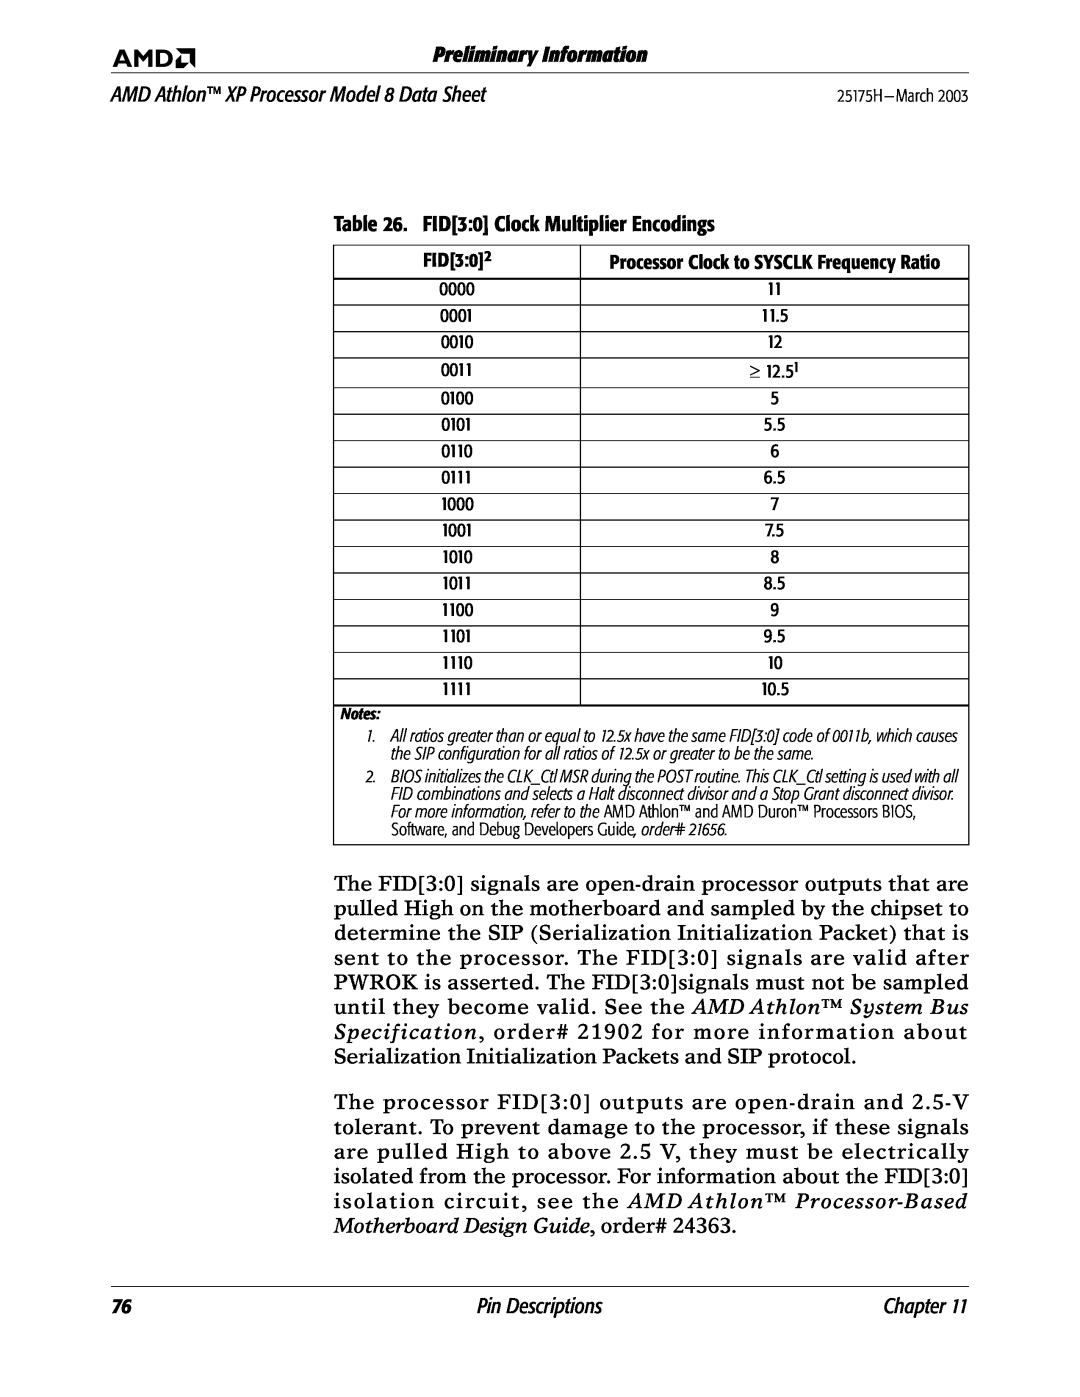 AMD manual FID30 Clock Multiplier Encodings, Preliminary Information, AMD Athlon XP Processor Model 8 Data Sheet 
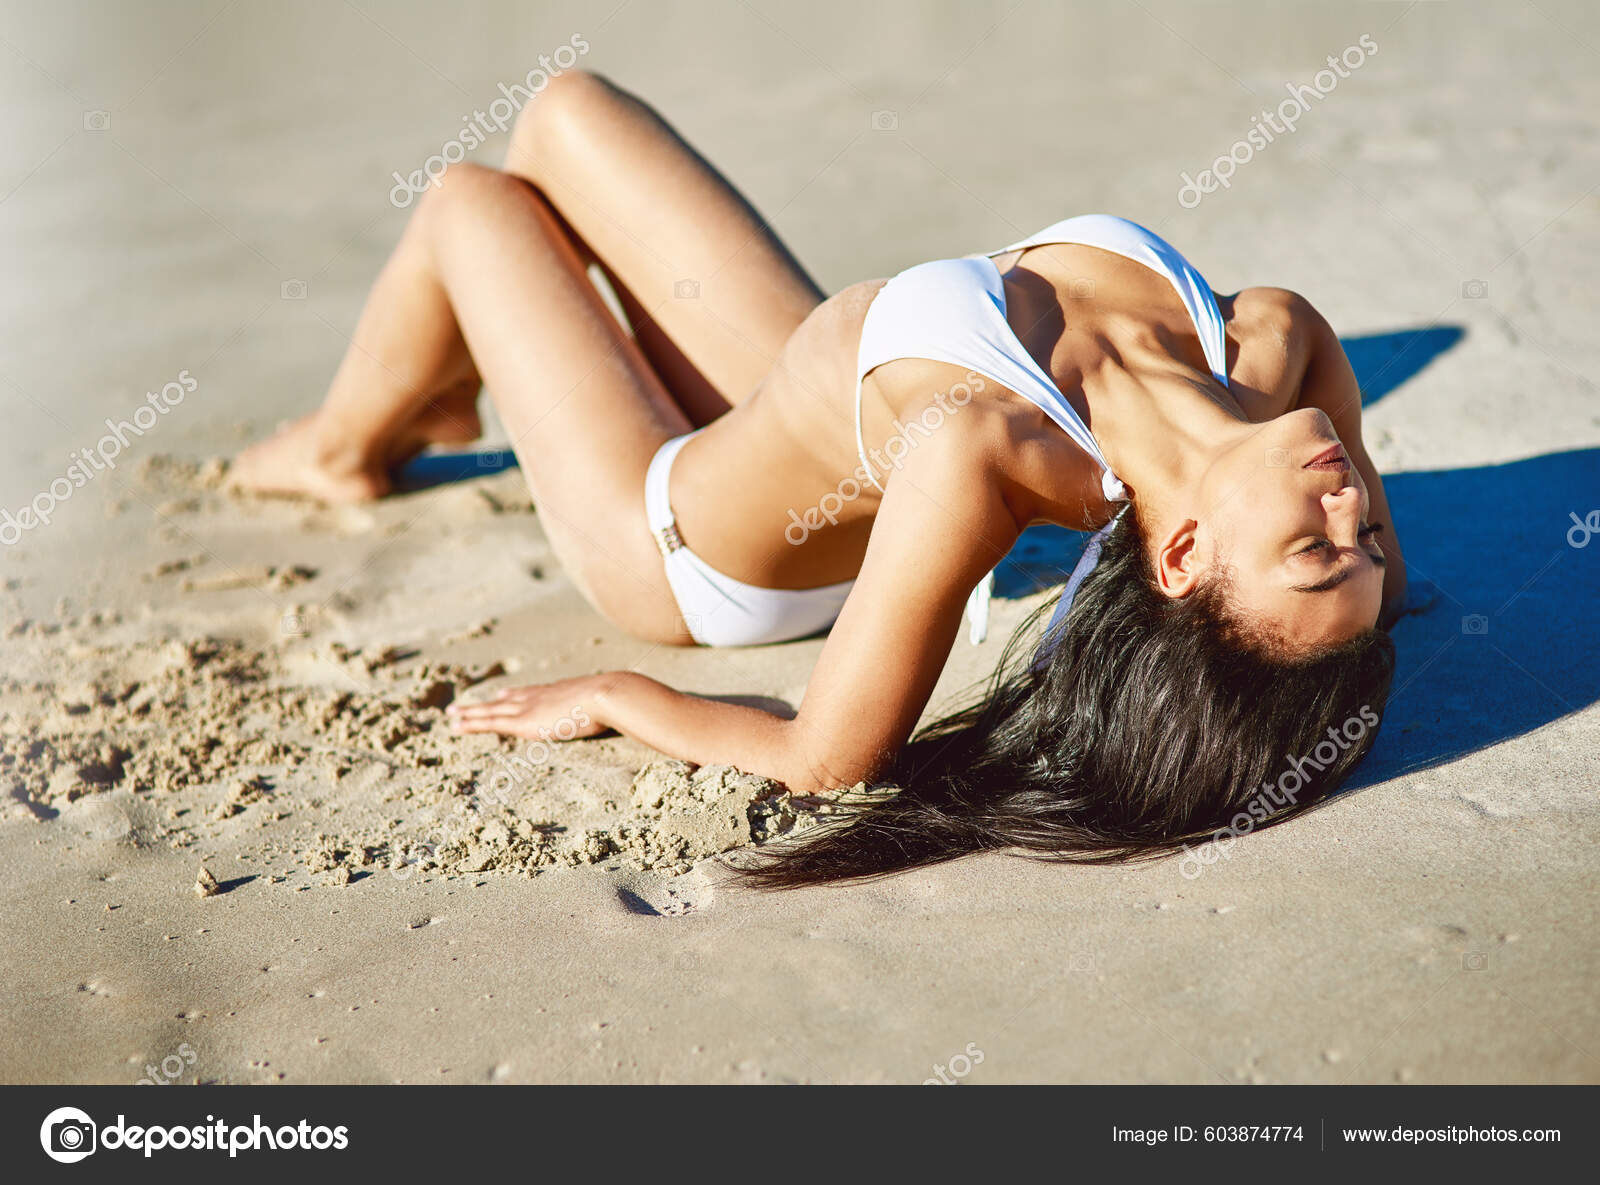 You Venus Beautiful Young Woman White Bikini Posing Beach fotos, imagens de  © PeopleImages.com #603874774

* * *

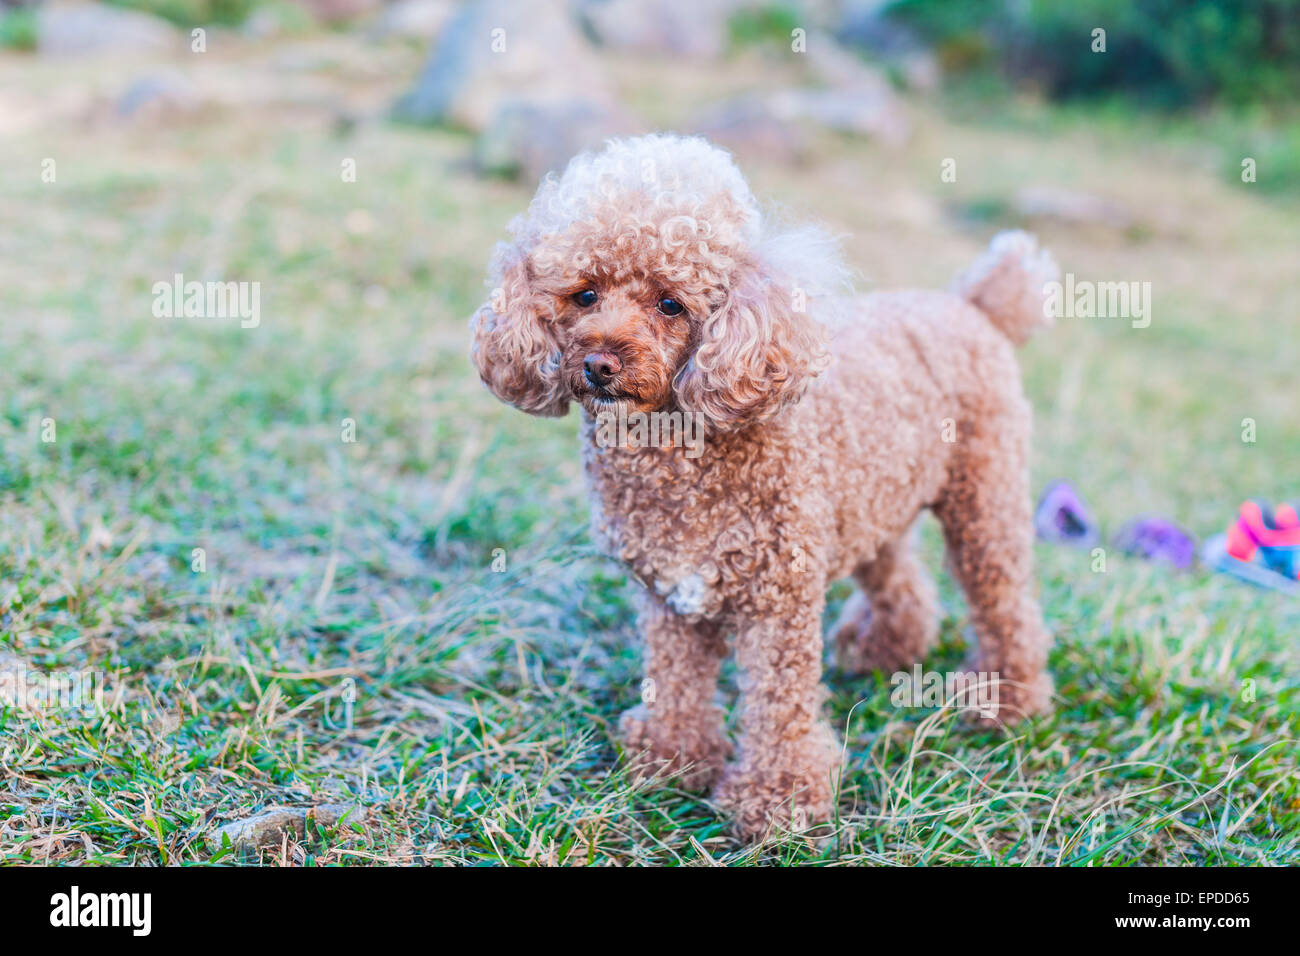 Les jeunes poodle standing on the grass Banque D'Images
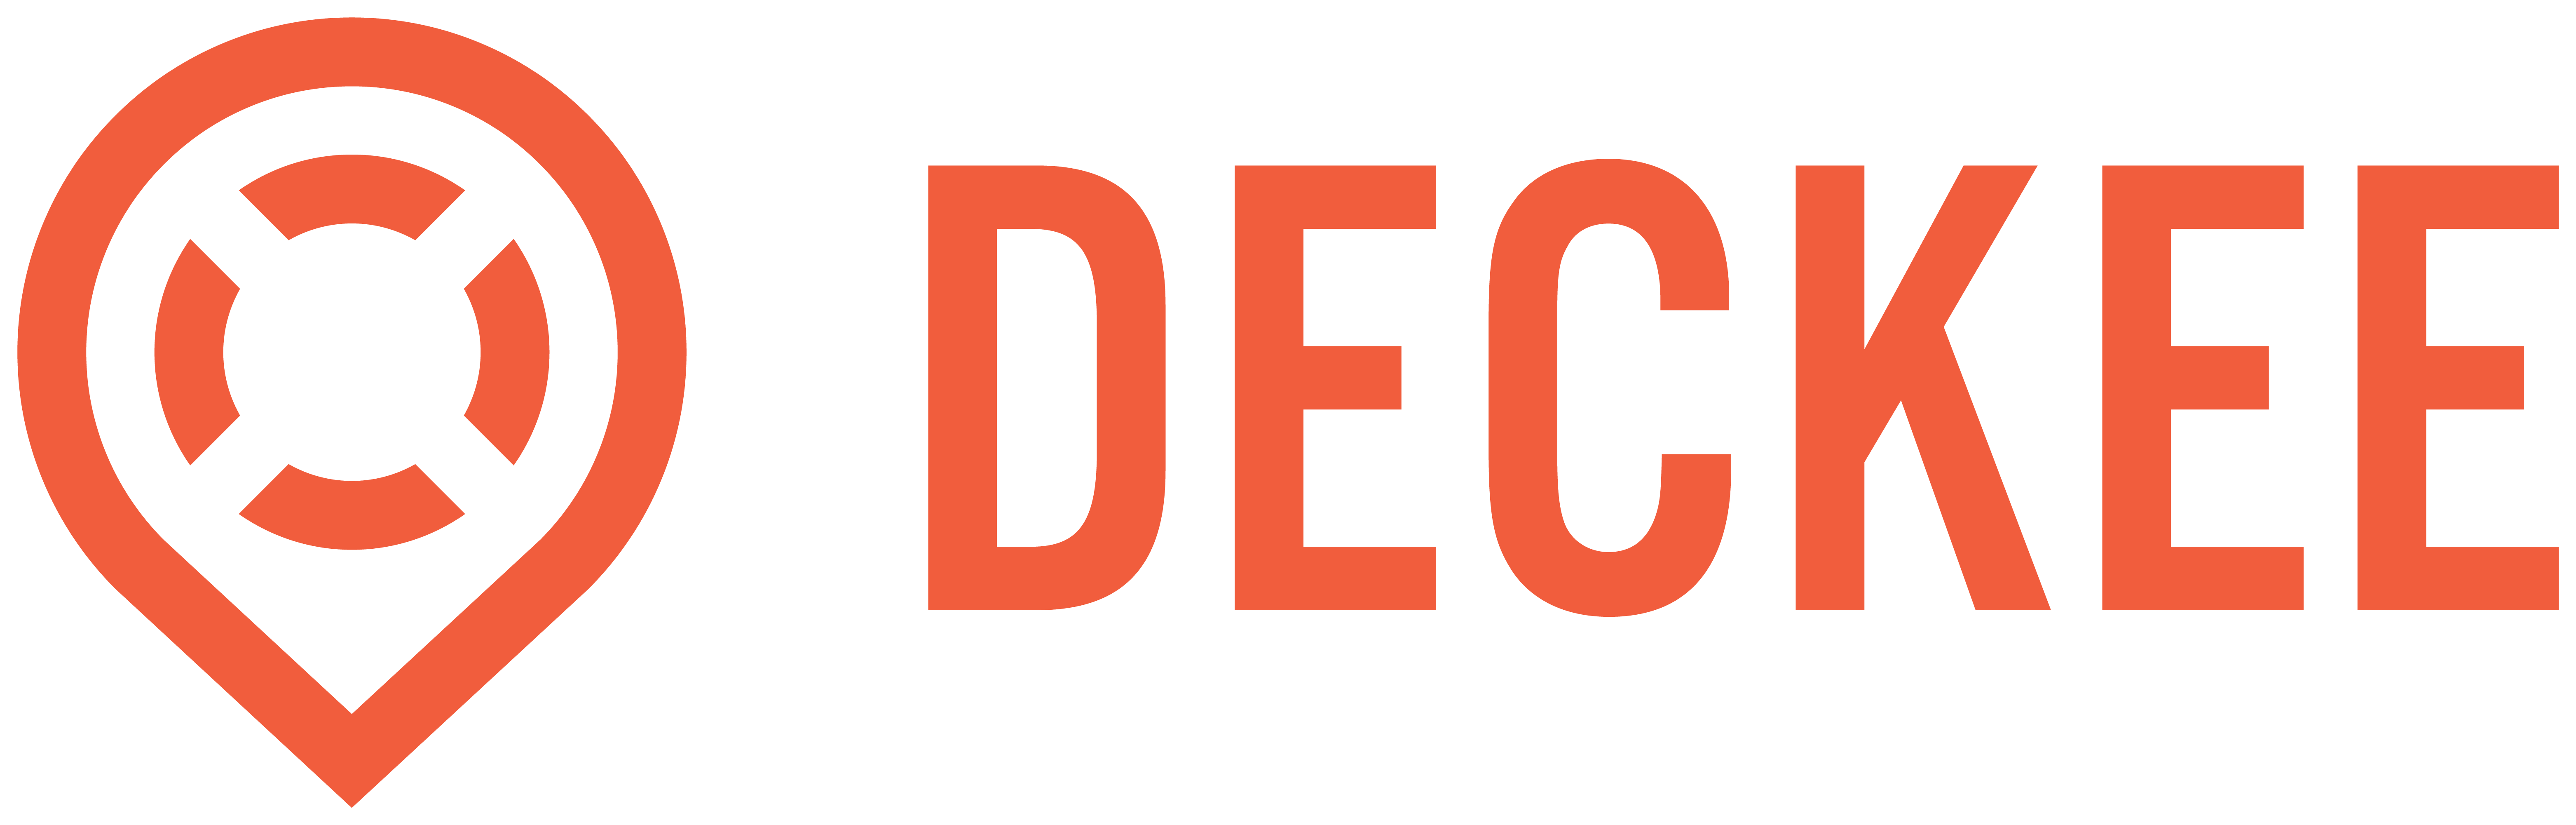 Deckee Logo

* * *

:: Prompt ::
Look above for the line with "AMD manual FID30" and the line with "You Venus Beautiful", then copy exactly the lines from the first through the second, both kept, with no pictures.

:: Completed task ::
 AMD manual FID30 Clock Multiplier Encodings, Preliminary Information, AMD Athlon XP Processor Model 8 Data Sheet 
 You Venus Beautiful Young Woman White Bikini Posing Beach fotos, imagens de  © PeopleImages.com #603874774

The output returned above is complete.